-------- Material for the task
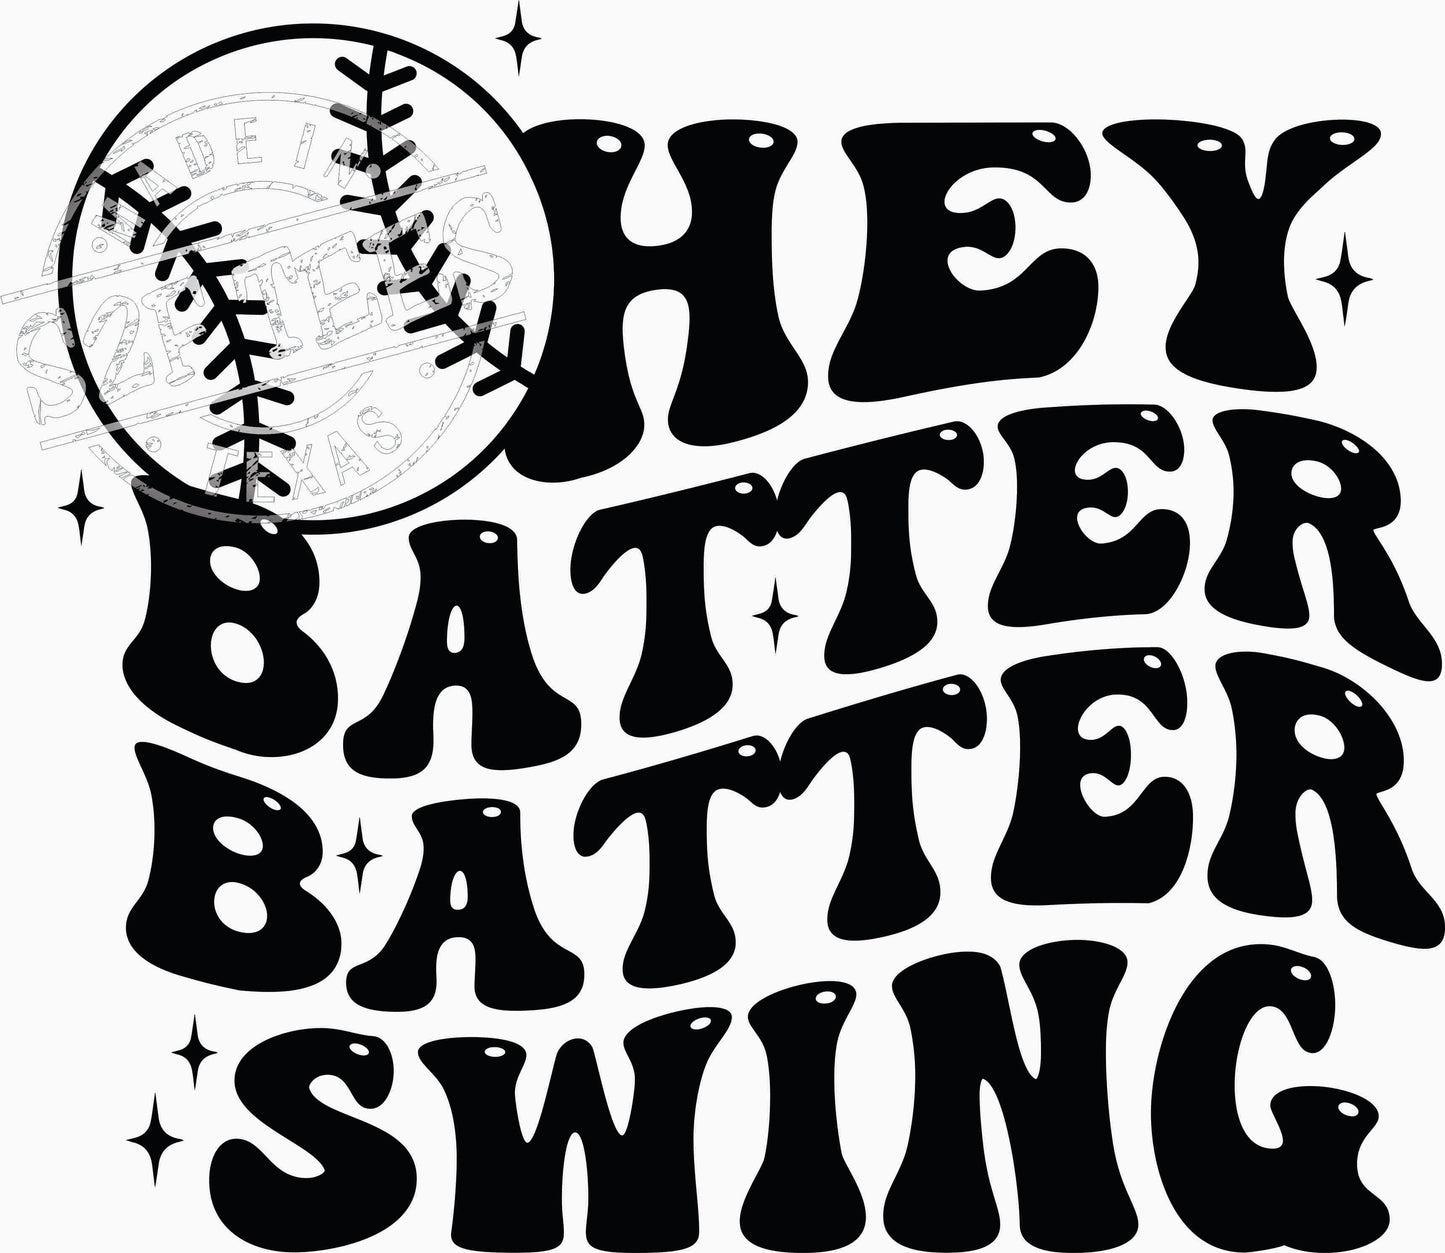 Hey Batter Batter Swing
----------------
-------- Material for the task
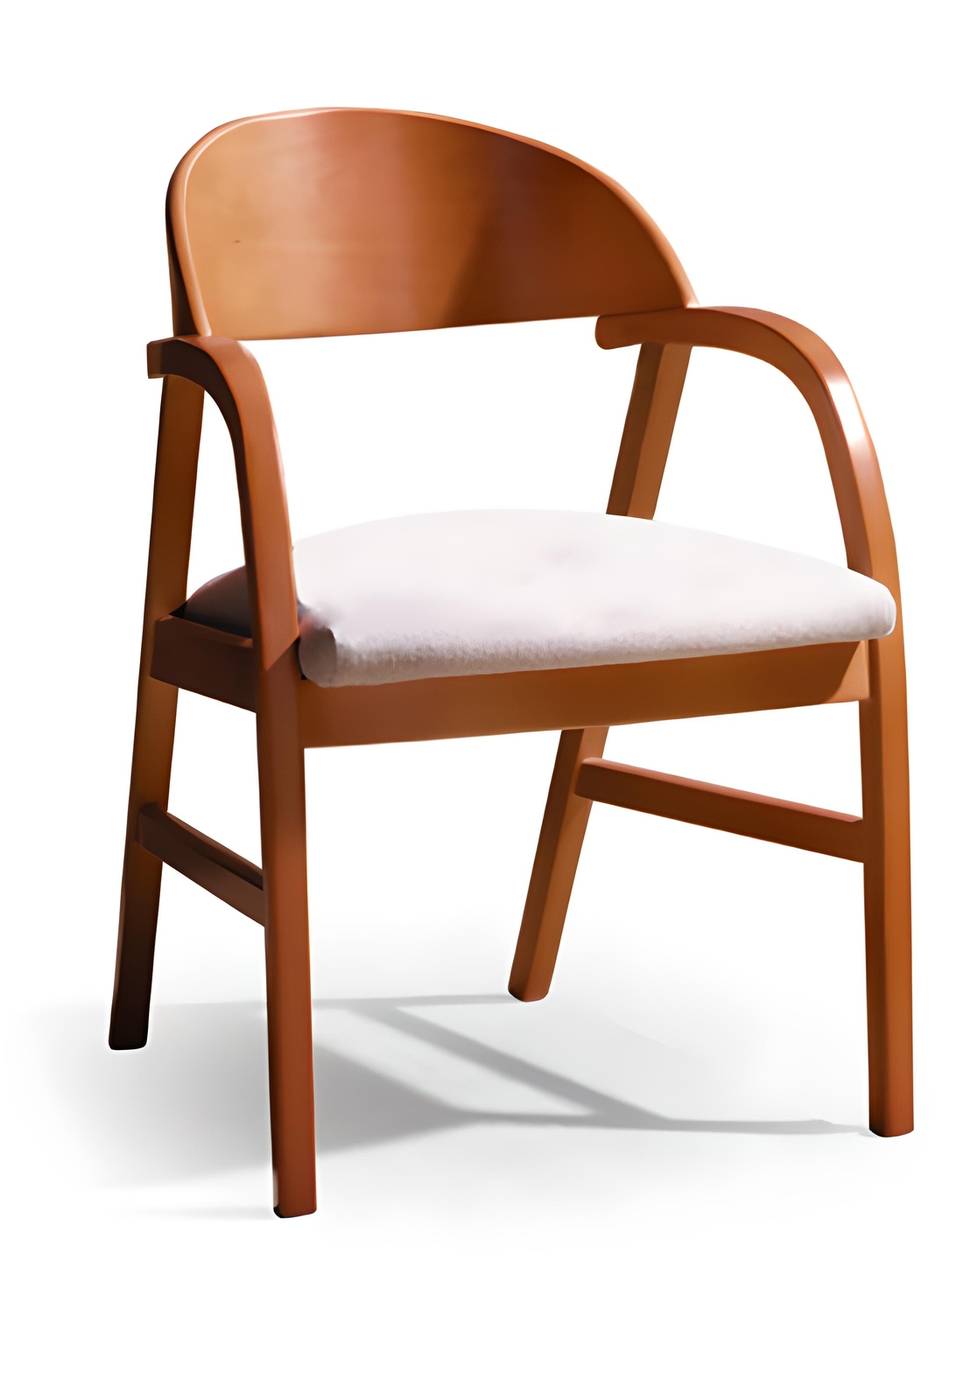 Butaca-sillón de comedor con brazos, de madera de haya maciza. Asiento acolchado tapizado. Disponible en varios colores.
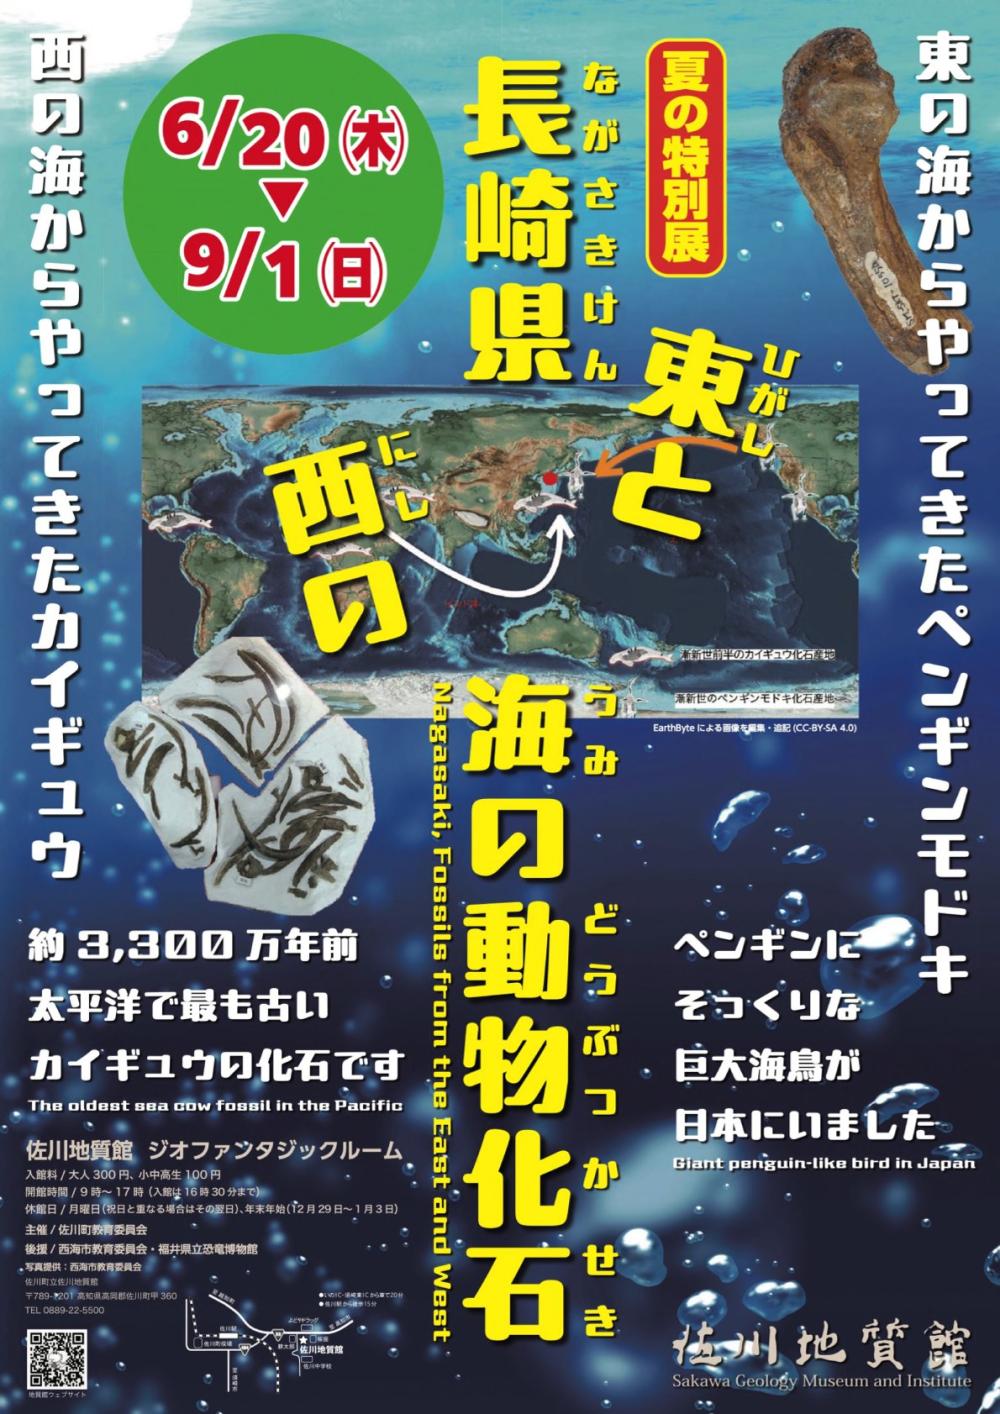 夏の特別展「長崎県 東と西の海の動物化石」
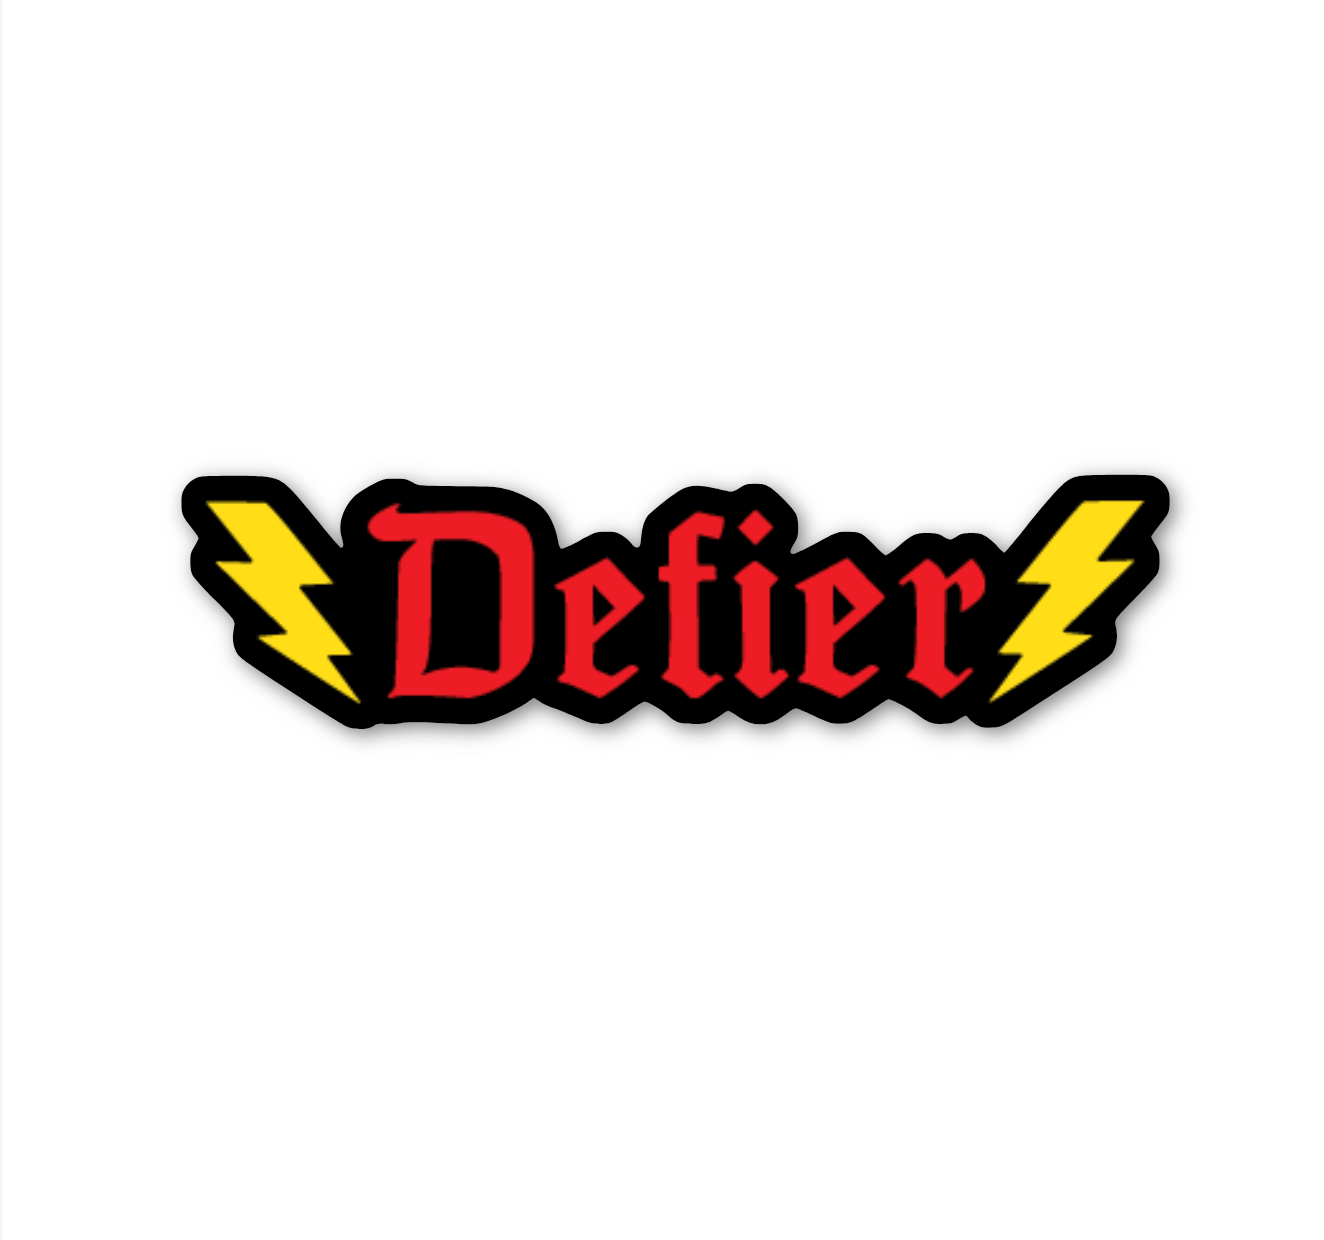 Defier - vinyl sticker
----------------
Copy only this from above: the line containing "Butaca-sillón de comedor", the line containing "Defier - vinyl sticker", and all lines between, printed exactly. Leave out the pictures.

== Response to this exercise ==
 Butaca-sillón de comedor con brazos, de madera de haya maciza. Asiento acolchado tapizado. Disponible en varios colores.
 夏の特別展「長崎県 東と西の海の動物化石」
 Defier - vinyl sticker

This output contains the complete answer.